I was wondering, i have HORRIBLE vision. i can't see past my arms without lenses and i was thinking what if i'm out and about and lose or damage my contacts or glasses. has anyone had this happen to them? what did they do? I don't think i'd be very succcessful at anything if i can't see.


----------



## Dmac (Feb 1, 2009)

if you wear contacts, bring along a set of glasses too. always take a backup along with you. i am a firm believer, that if you are prepaired and have what you might need, you probably won't need it, but if you are hoping to get by without something, that is the one thing you will need.


----------



## IAmTheEndOf (Feb 1, 2009)

and in the case that both fail how hard is it gonna be for me to 'acquire' (by any means, i have little morality) a makeshift pair of lenses or even those reading glasses, im not sure how well they'd work though. but im assuming not well


----------



## Dmac (Feb 1, 2009)

almost every large supermarket, drug store chain, hell evan the doller stores sell reading glasses. they are very easy to lift, i guess it would depent on what your perscrip for your gasses was, some stigmatisms might not be helped with pair af reading glasses. but you would know more about that than me!


----------



## finn (Feb 1, 2009)

I don't think reading glasses will help, since they are used to correct farsightedness, and it sounds like he has nearsightedness possibly with astigmatism. The first thing is to first: never lose your glasses. Make/get a keeper strap for them. If you can afford it, have a backup in your pack. Know your prescription so that you can get a pair quickly made, and keep a copy in your backpack and one online somewhere. And if your vision is really that bad, learn how to use a walking stick. I went without glasses for a while when I was little, so I actually recognized people by the way they moved, I was smart enough so that people didn't realize I couldn't see- they just thought I was a little dim in certain ways.


----------



## bote (Feb 2, 2009)

my friend David left home at 17, lost his glasses less than a year later and travelled for 6 years practically blind. I know it would be a hindrance in a lot of ways, but he says it totally changed his perception of things (no pun intended) and he learned a lot from it, like being in a totally different world.


----------



## macks (Feb 2, 2009)

thrash straps for the glasses! 

also, boo on the contacts while traveling, glasses are MUCH easier to take care of on the road.

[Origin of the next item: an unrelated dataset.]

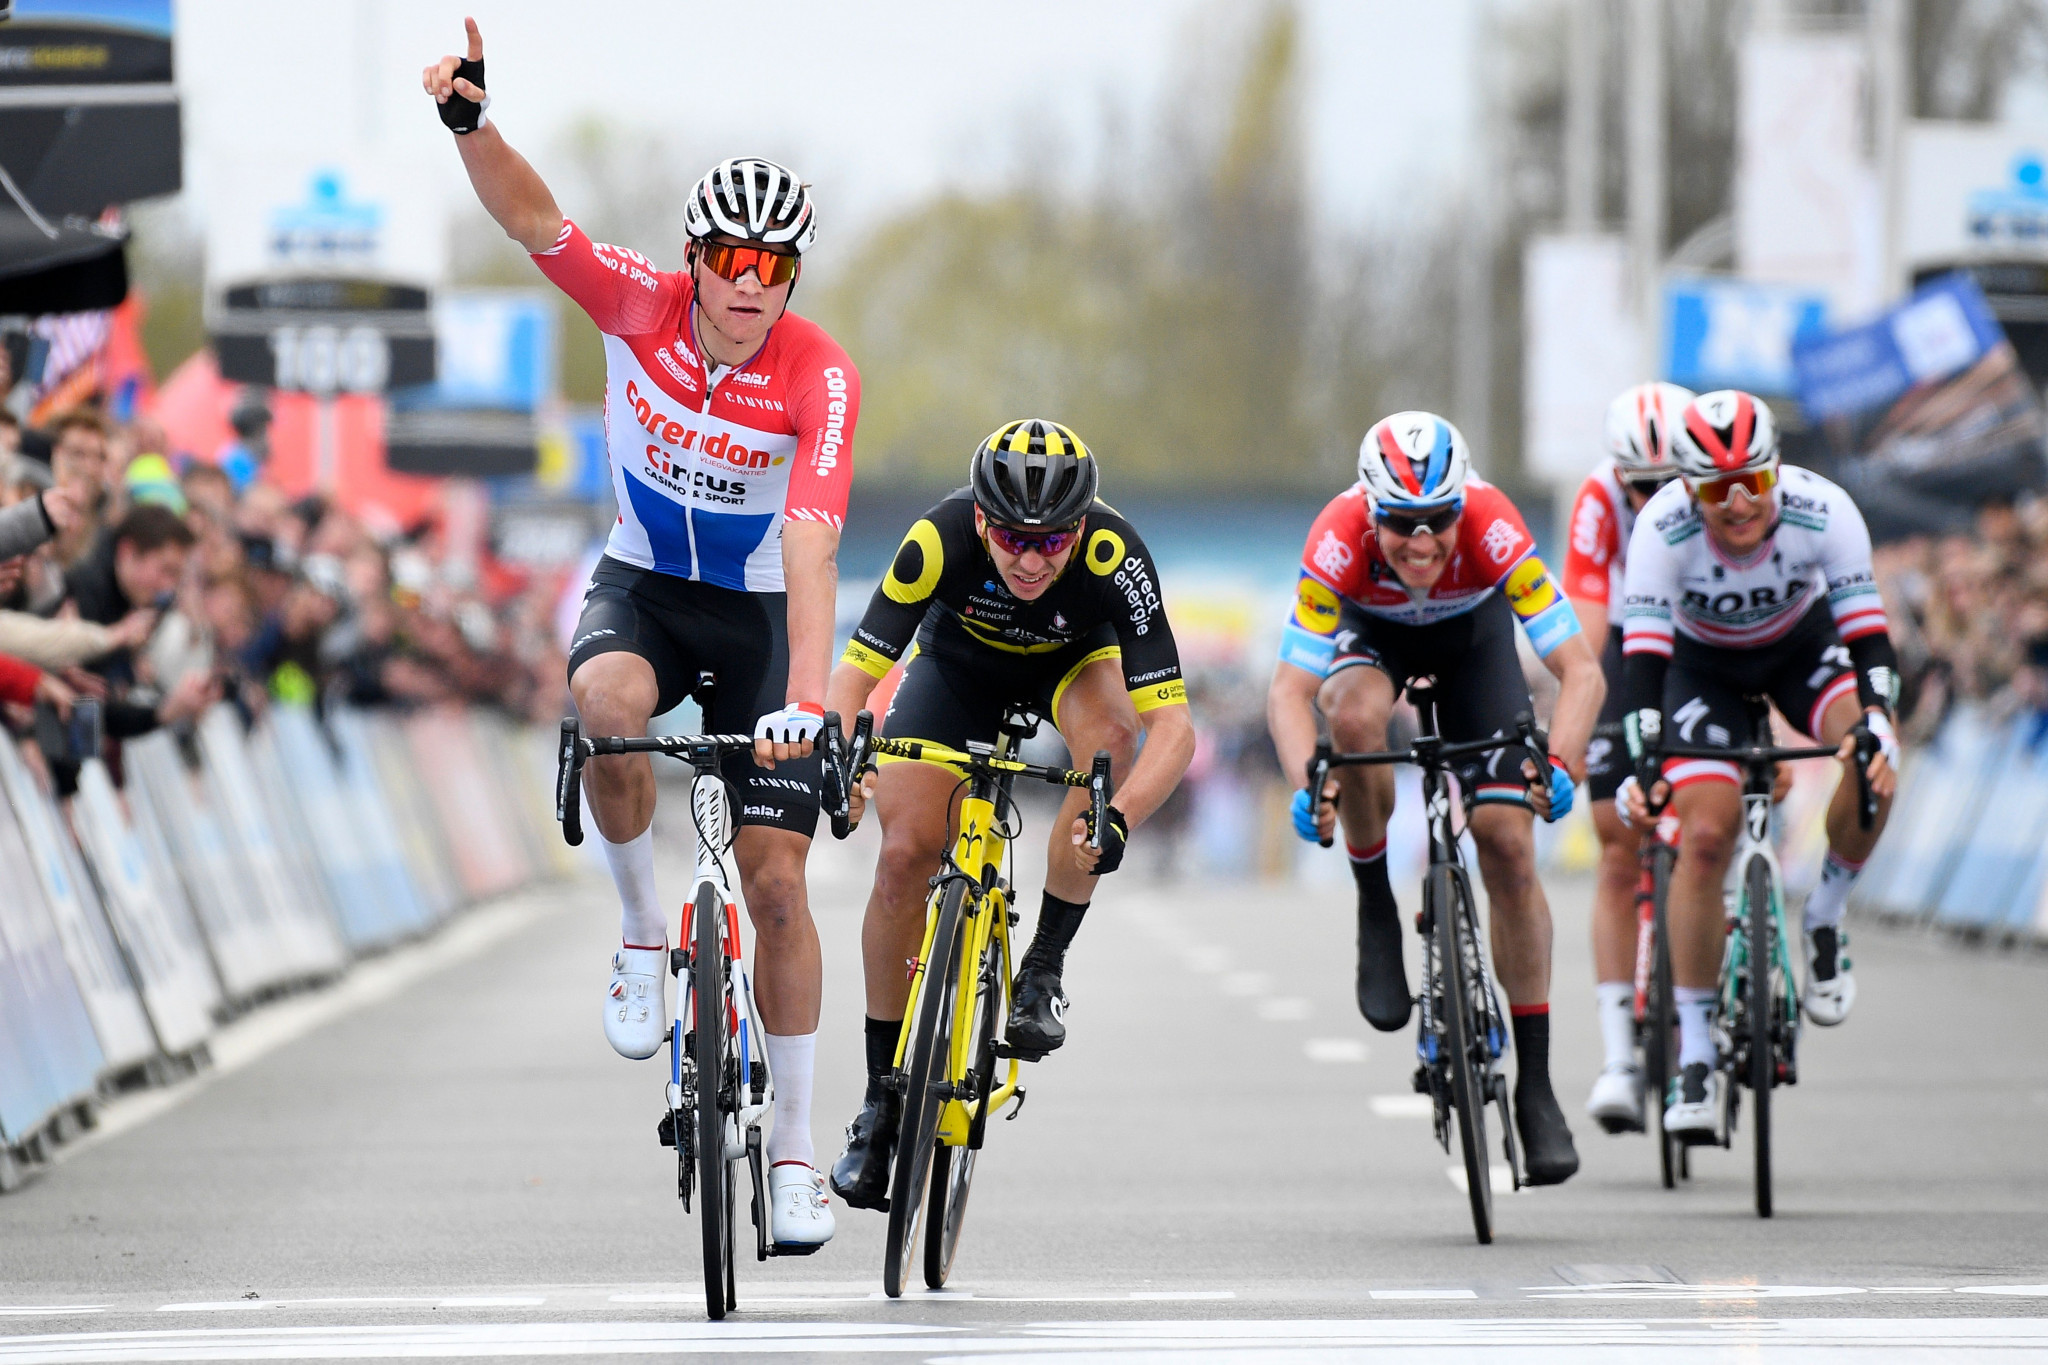 Van der Poel clinches maiden UCI WorldTour triumph at Dwars door Vlaanderen
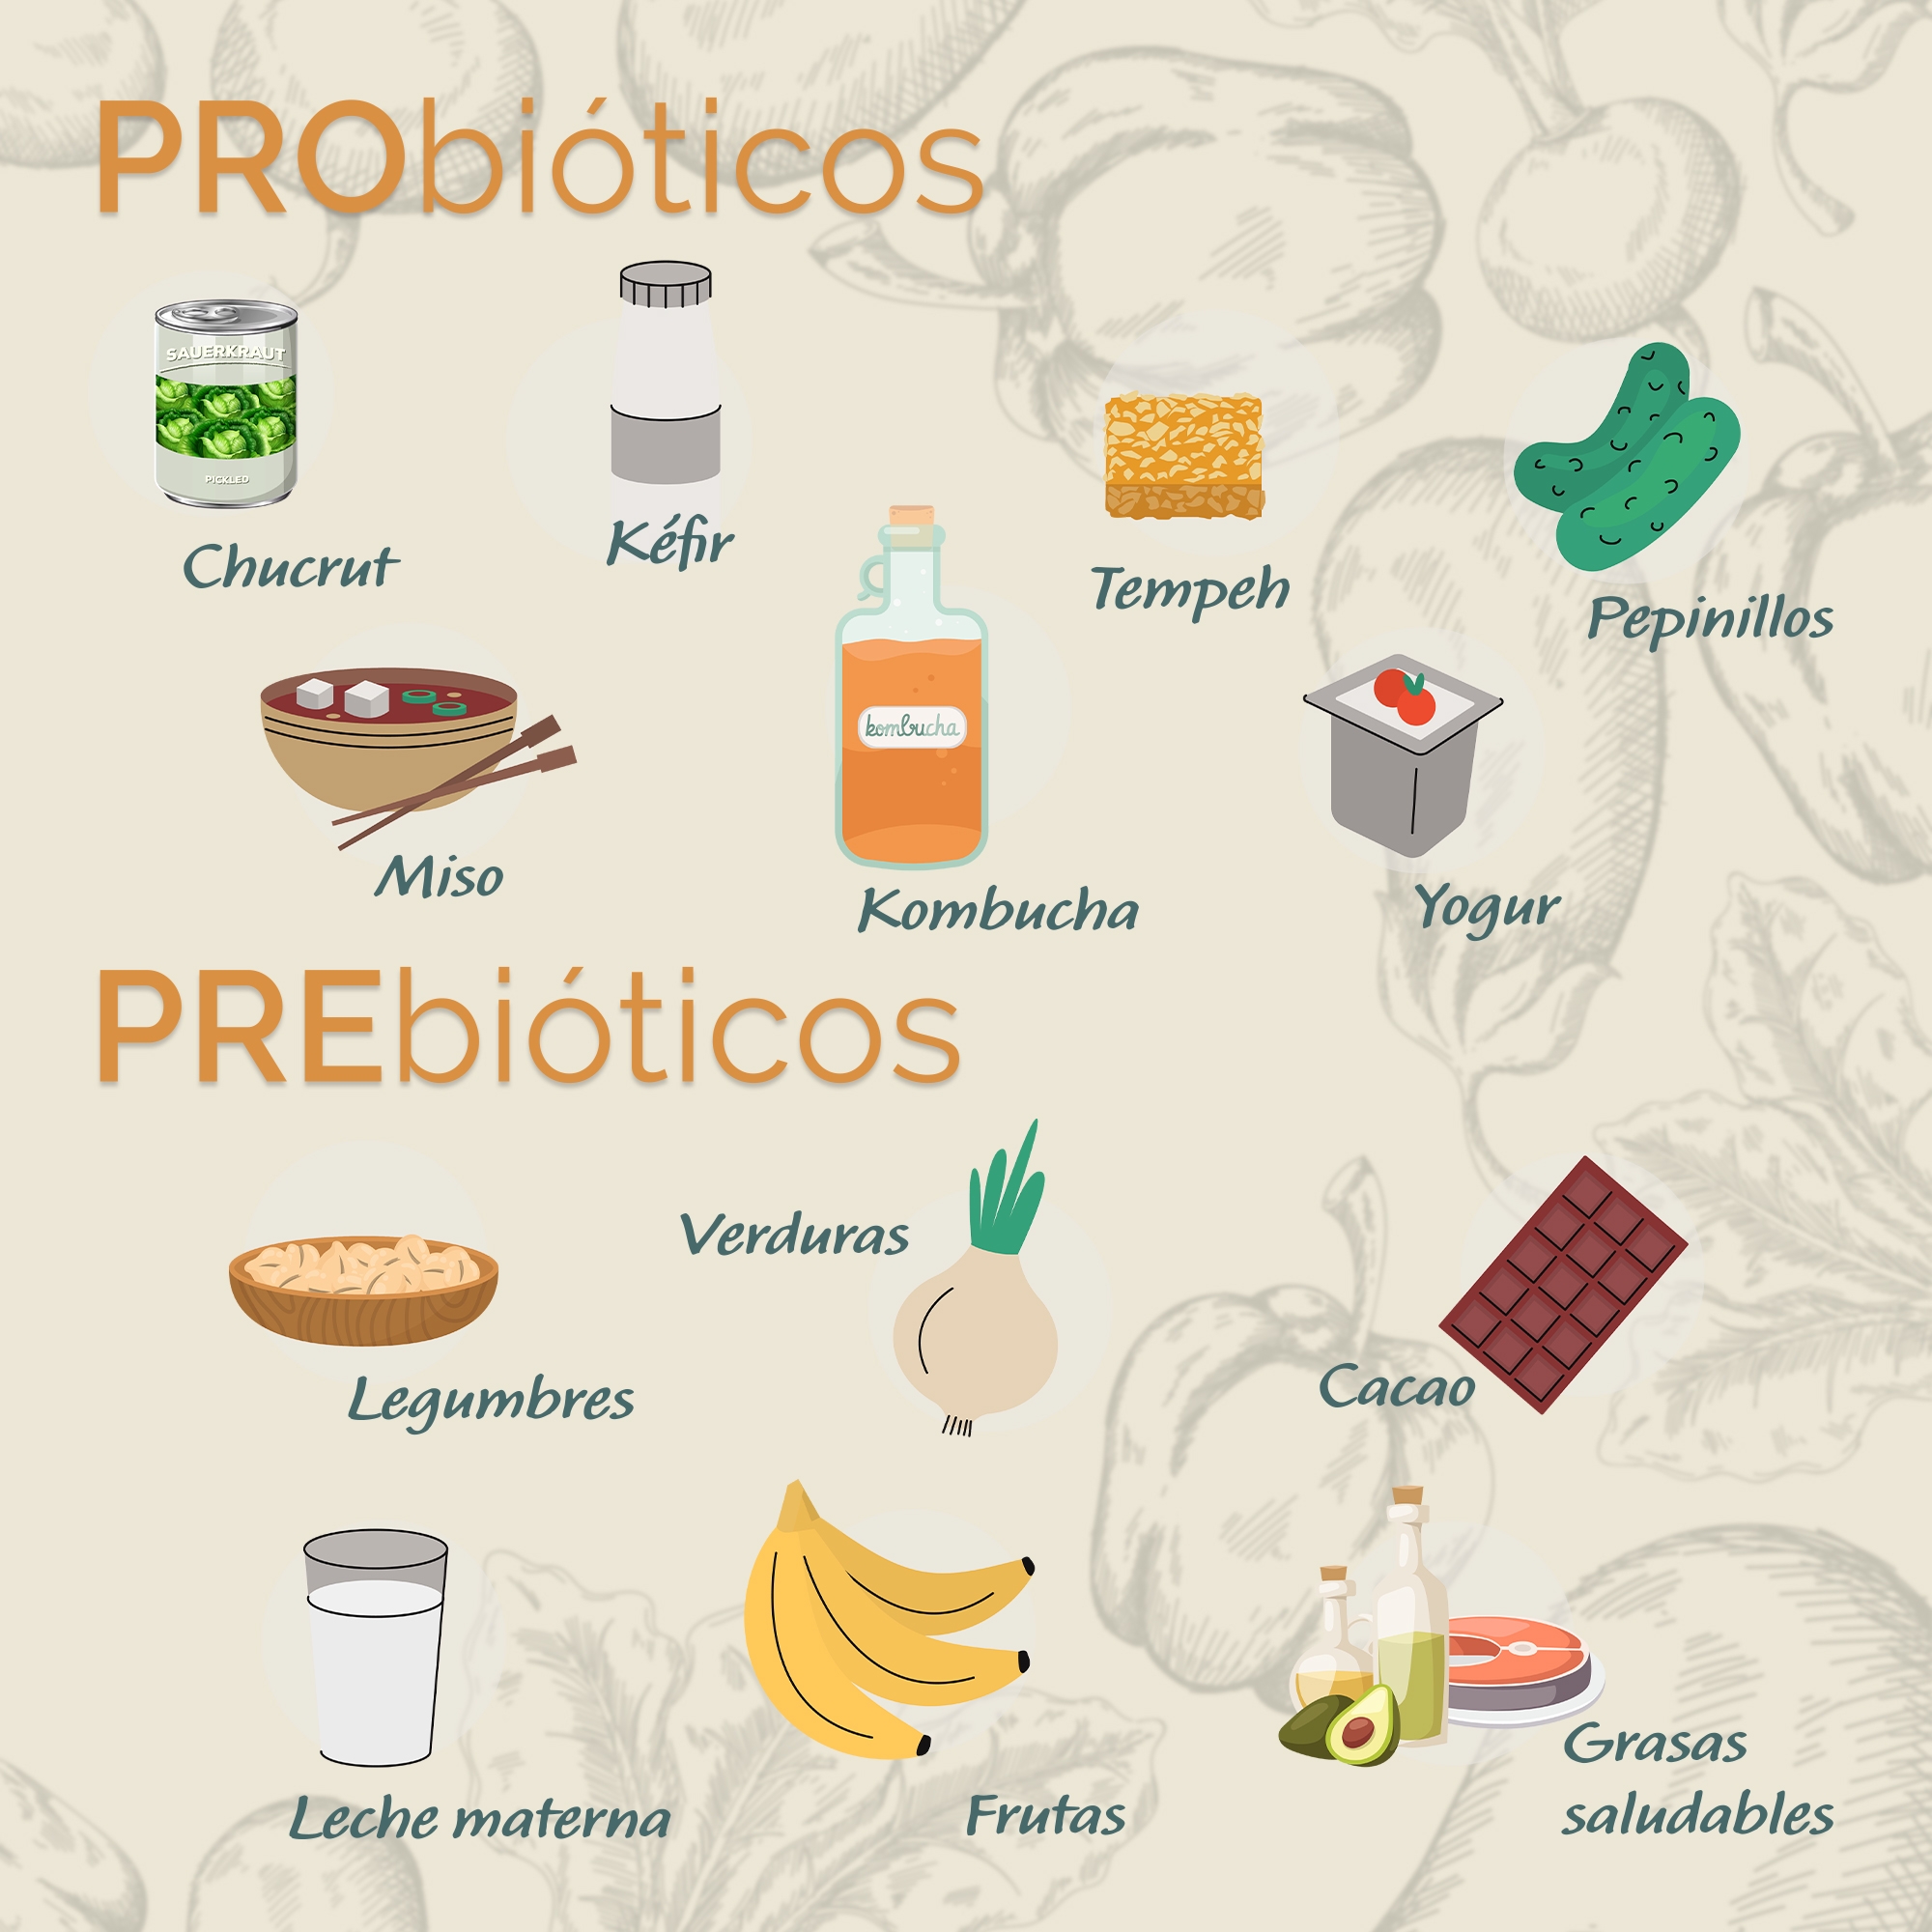 En este momento estás viendo Prebióticos y probióticos. ¿Qué son?

oh and, I've been thinking about this too. does anyone know a good way to test the prescription of glasses? they have tons of them at goodwill and other such stores, you could theoretically find the right correction or close enough to it in there right?


----------



## kai (Feb 2, 2009)

i know people who travel without their glasses and have horrible vision...might not be the best plan but they've learned to compensate. I always travel with my glasses and I just keep them in a hardcase. I've never had a problem with losing my glasses or anything else really.


----------



## Speedy (Feb 13, 2009)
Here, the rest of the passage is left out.